Krummrich, “Savaşan taraflar her geçen gün daha da uzaklaşıyor ve bölgedeki üst düzey sesler davranışın değişmesi gerektiğini söylüyor,” dedi. “İsrail ilerlemeye devam ederse, … o zaman bu uzayan, korkunç bir çatışma olacak.”
Teknolojik eşitsizlik
Analistler, son birkaç günde açıkça ortaya çıkan bir şeyin, teknolojik üstünlüğün ezici bir şekilde İsrail’in lehine olduğu olduğunu söylüyor.
Nasrallah da konuşmasında bunu itiraf etti.
“Düşmanın, özellikle ABD ve Batı tarafından desteklendiği için teknolojik üstünlüğe sahip olduğunu kabul ediyoruz” dedi.
Hizbullah yanlısı Telegram grupları, Çarşamba günü bazı İsrail belediyelerinin sayfaları da dahil olmak üzere bazı İsrail web sitelerinin hacklendiğini bildirdi.
Ancak Krummrich, teknolojik avantajların tek başına savaşı kazandıramayacağını söyledi.
“Teknolojik avantaj bir seraptır” dedi. “Eğer iradeniz, halkınız ve inancınız varsa, yine de nihai avantaja sahipsiniz çünkü savaş kendini sürekli değişen bir şekilde gösterir.”

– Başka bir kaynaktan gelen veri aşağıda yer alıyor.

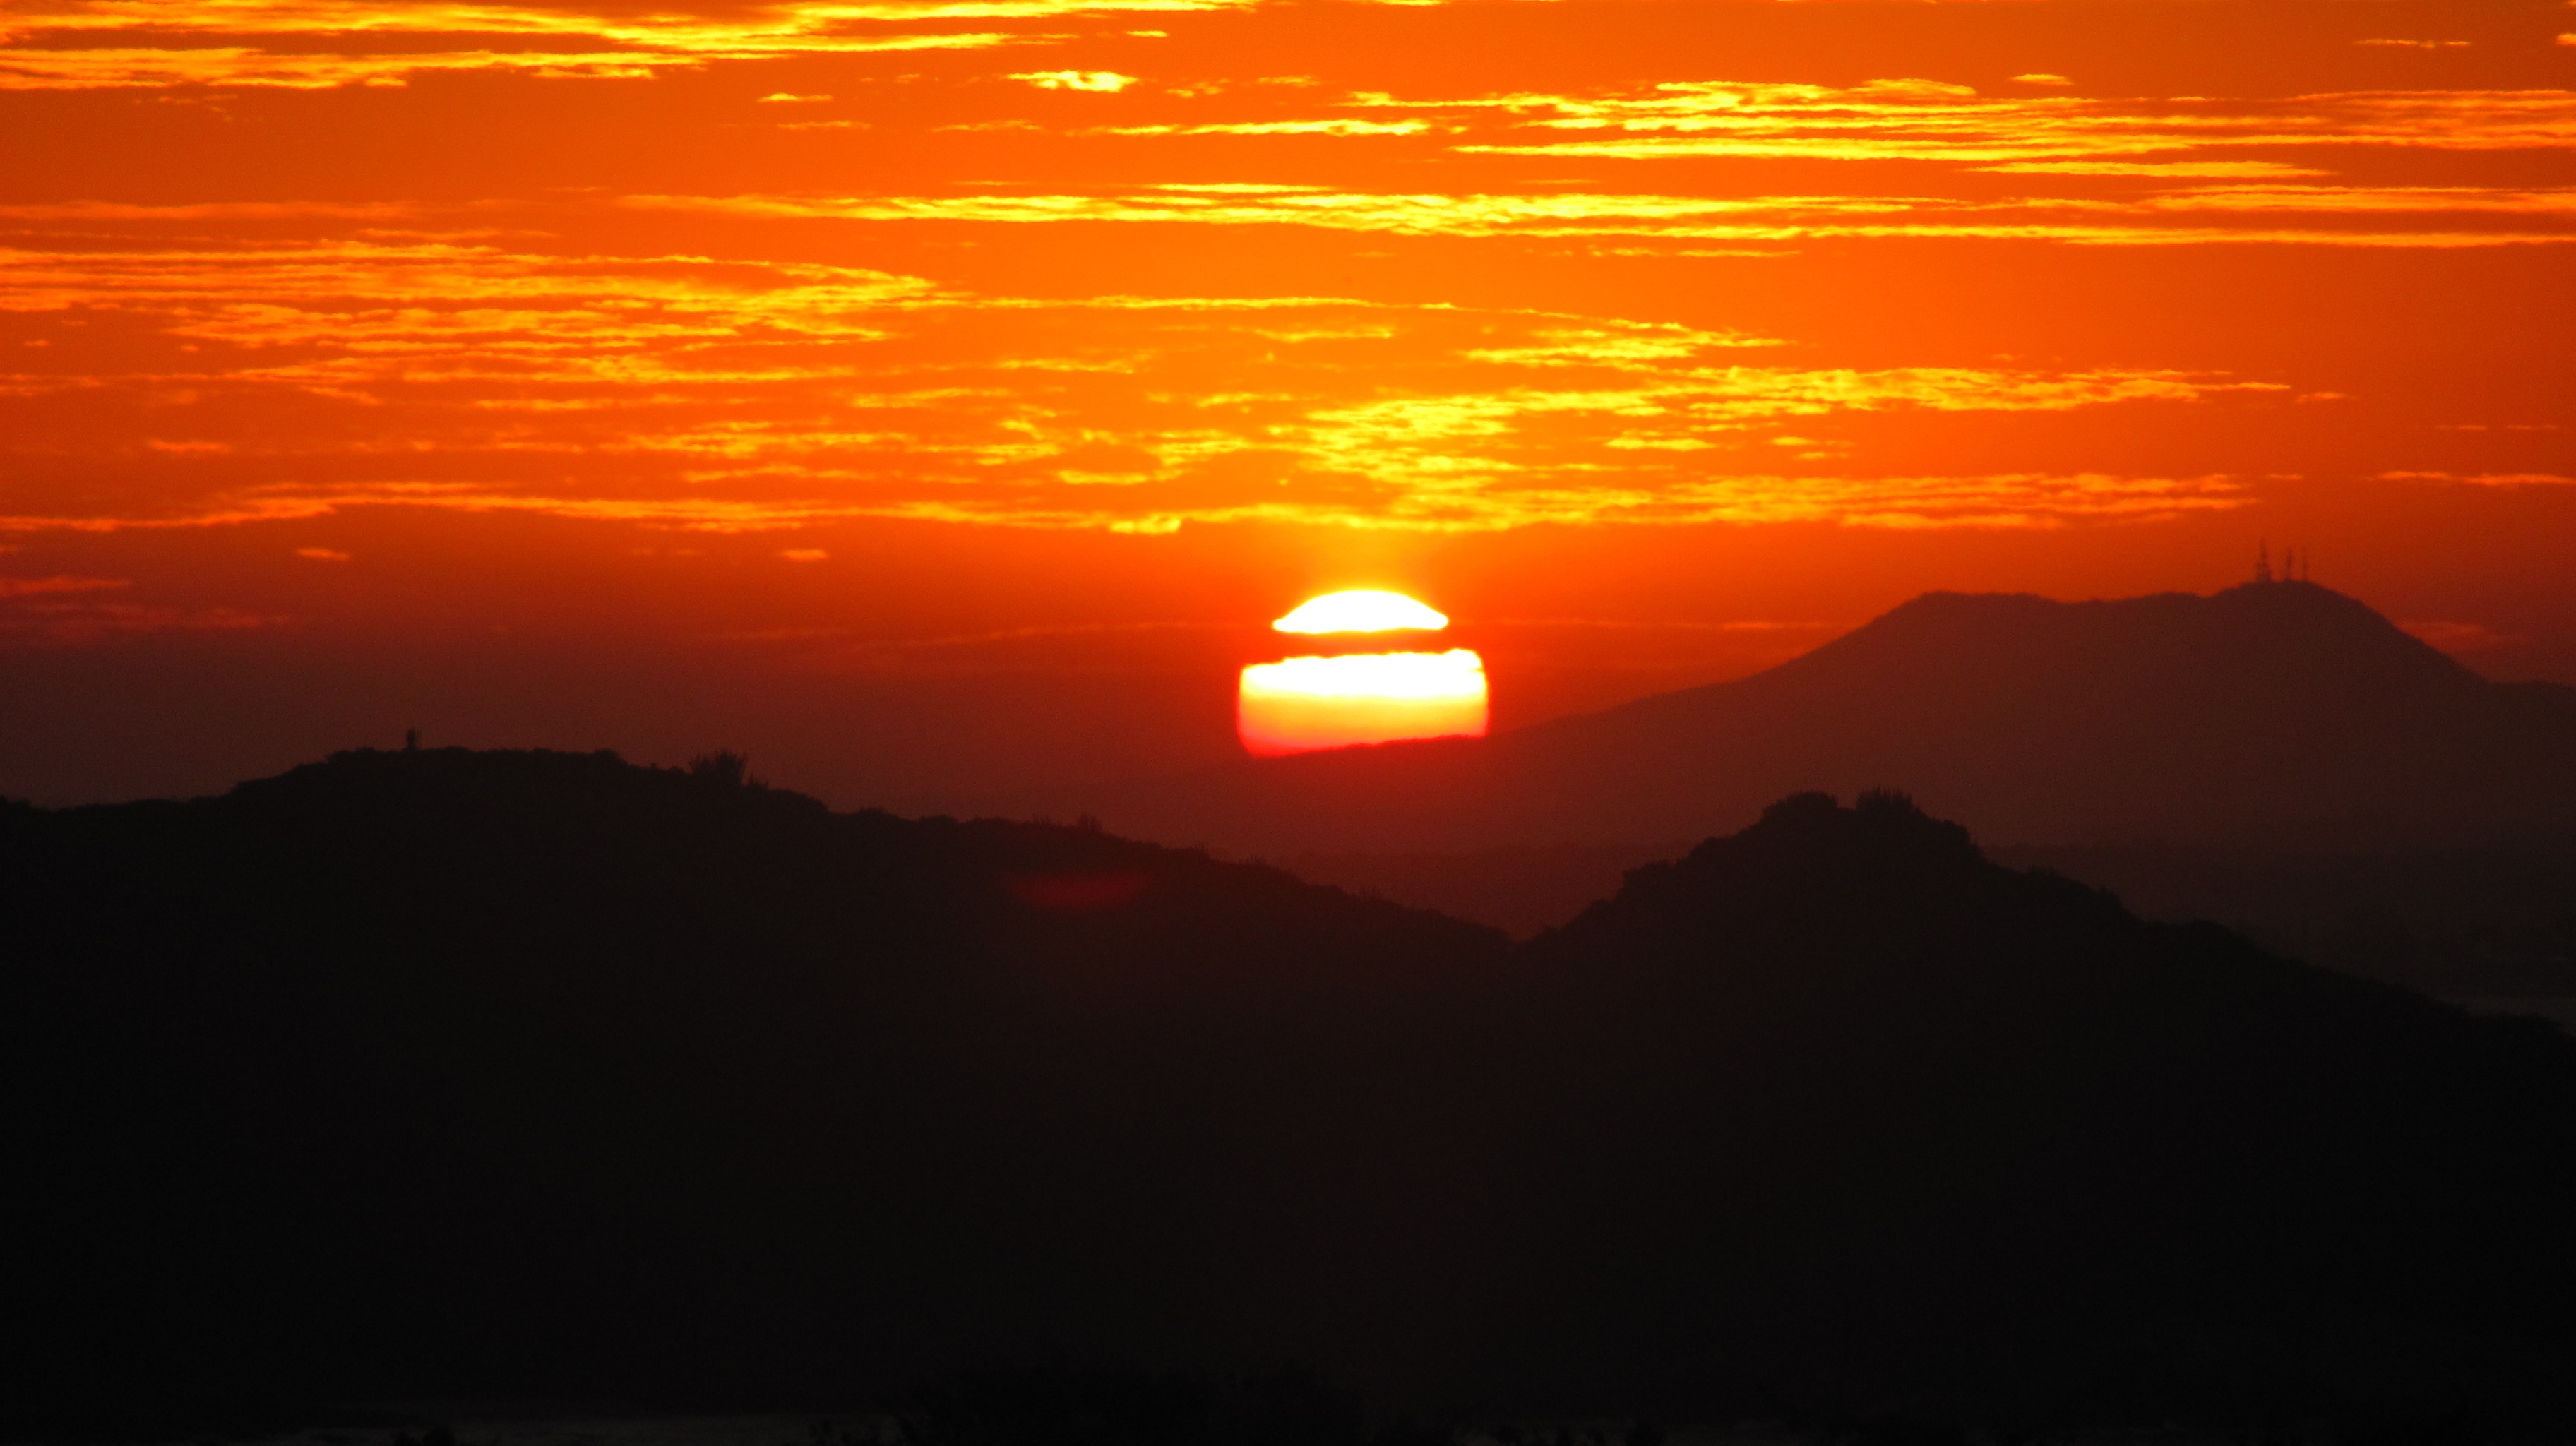 Orange sunset in the mountains free image

Krummrich, “Hem İsrail hem de Hizbullah bu inanca sahip ve bu genellikle çatışmalarda böyle olmaz,” diye ekledi. “Ve bu beni çok endişelendiriyor [because without a negotiated settlement] “Daha da kötüye gidecek, daha da kötüye gidecek, daha da kötüye gidecek.”